Question

The deep color produced when iodine is dissolved in a solution of potassium iodide is caused by the presence of:
(a)- $I_2$
(b)- $I^{-}$
(c)- ${I_3}^{-}$
(d)- ${I_2}^{-}$

Answer 1

Hint: Halogens are sparingly soluble in water but when they are dissolved in organic solvents they give colored solutions. When iodine is dissolved in a solution of potassium iodide there is a formation of potassium triiodide.

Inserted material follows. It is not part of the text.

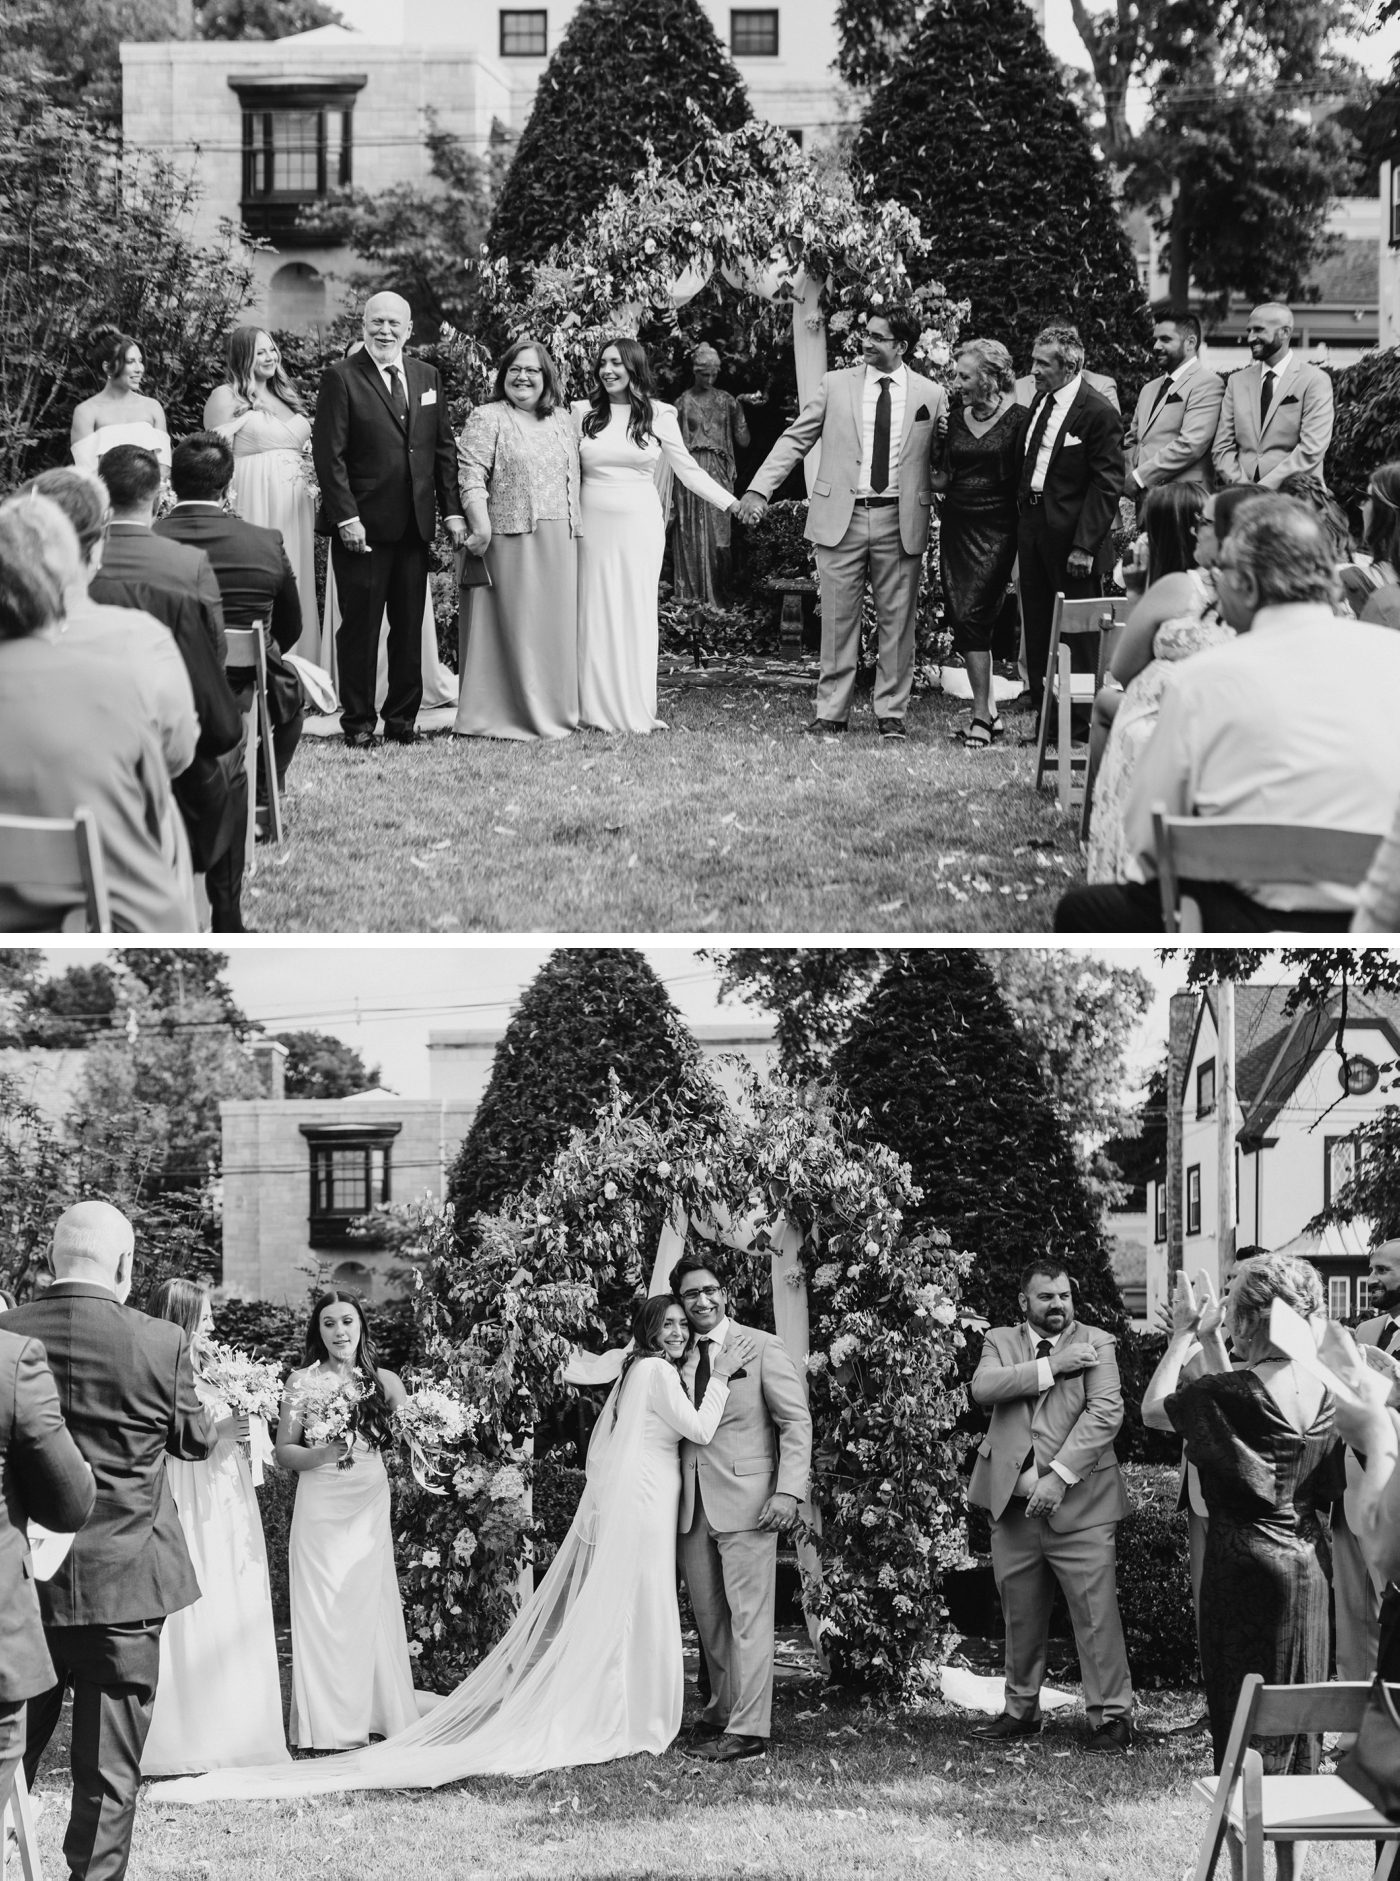 Wedding ceremony at The Garret Club

Complete step by step answer:
Iodine is an element of group 17. Some elements of group 17 give a colored solution when dissolved in organic solvents.
Fluorine and chlorine do not react with water. Bromine and iodine are very less soluble in water, but they become soluble in many organic solvents such as carbon disulfide, carbon tetrachloride, chloroform, and hydrocarbons such as benzene, hexane, etc to give a colored solution.
As the iodine is not very soluble in water, it is dissolved in the water in the presence of potassium iodide ($KI$). This leads to a formation of a potassium triiodide complex which is soluble and gives an intense blue-black color. The reaction is given below:
$KI+I_2\to K{I}_3$

The ionic form of potassium triiodide is:
$K{I}_3\rightleftharpoons K^{+}+{I_3}^{-}$

The formation of blue-black intense is used to check the starch in the compound. If starch is present then the color will be intense blue-black and if starch is not present then the color remains yellow or orange.
So, the intense color is due to the presence of triiodide ion (${I_3}^{-}$).
So, the correct answer is “Option C”.

Note: When iodine is dissolved in ethanol it gives a brown solution. When the iodine is dissolved in a carbon tetrachloride solution it gives the violet solution. So as we can see it gives different colours for different solutions.